The 1968 Ford Mustang California Special: this vanilla-white hardtop is only a 302/automatic with a modest level of optional equipment, but it can attract as much attention as a full-blown Shelby when ponies gather. Less knowledgeable Mustang buffs sometimes mistake the car for a one-off custom or even a notchback Shelby. But those in the know recognize it as a 1968 California Special, built at Ford's old San Jose assembly plant and sold only in the Golden State.
Ford's intention, of course, was to unload a few extra ponies on the West Coast market, but after 4,000 or so sales during 1968, the experiment was never repeated. That makes the California Special rare today.

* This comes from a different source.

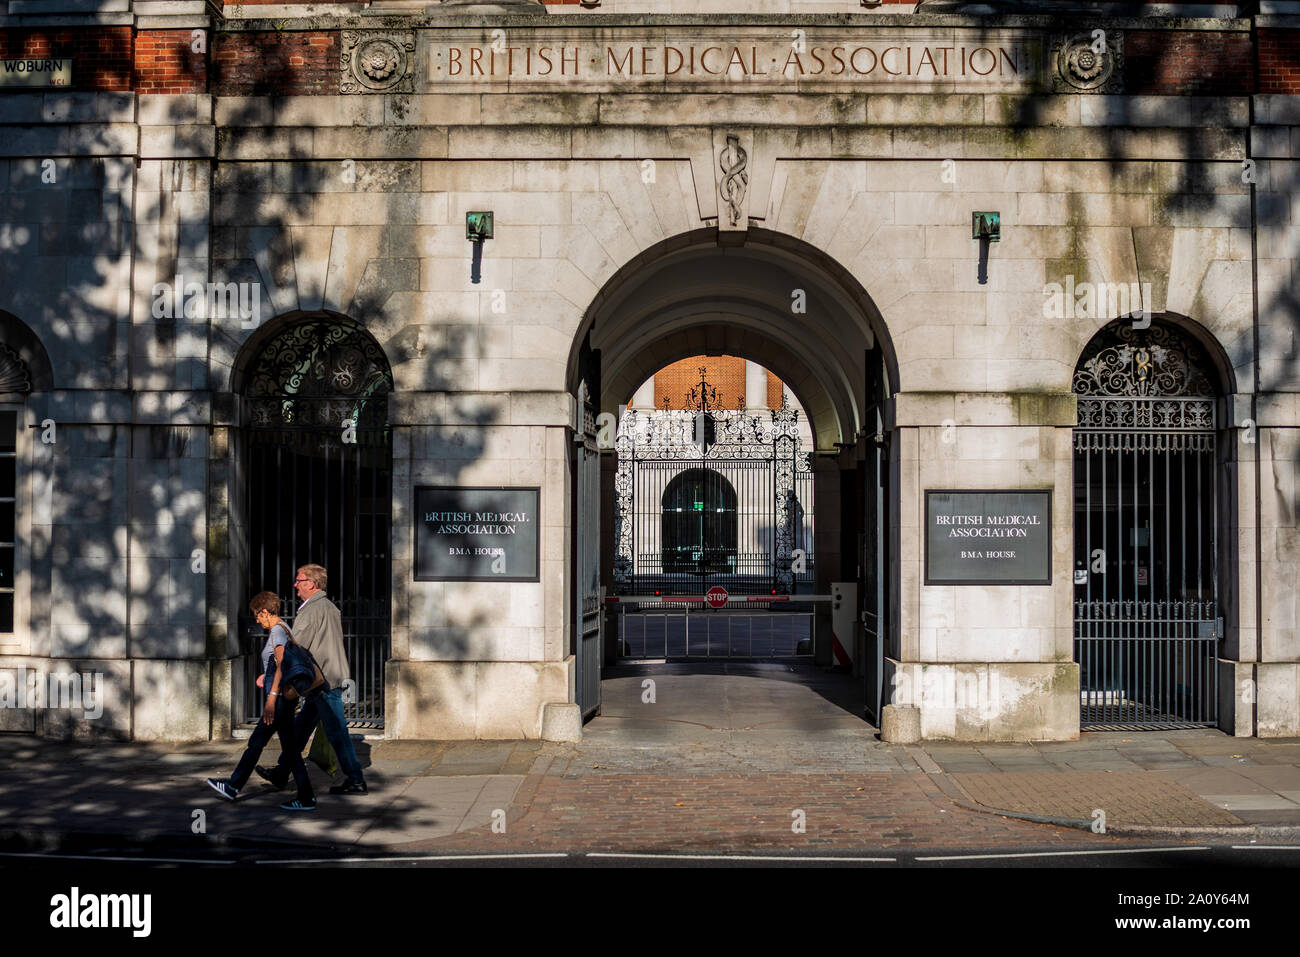 Die British Medical Association oder der Hauptsitz von BMA im BMA House Tavistock Square Bloomsbury Central London. BMA House Architekt Sir Edwin Lutyens, eröffnet 1925. Stockfoto

The California Special package was available only on the two-door hardtop, but it could be ordered with any Mustang powertrain combination. Tape stripe packages were popular in the late 1960s, but the CS was more distinctive than most, assembled from some things borrowed and some things new. It was the borrowed parts that gave the CS special status, and sometimes confused Mustang watchers.
The components that made a Mustang into a California Special included a blacked-out grille with aftermarket fog lamps, nonfunctional fiberglass side scoops, side striping, a fiberglass rear decklid and quarter panel caps from the 1968 Shelby convertible, Shelby taillights, and California Special identification. The CS featured looks a lot like a Shelby and, to a large degree, that explains the interest in this unusual Mustang.
And if almost everyone assumes that CS stands for Carroll Shelby, that's just part of the fun of owning something special.
While California Ford dealers were selling the CS, the same collection of parts were put on Mustangs destined for Denver, Colorado, showrooms. This version was called the High Country Special.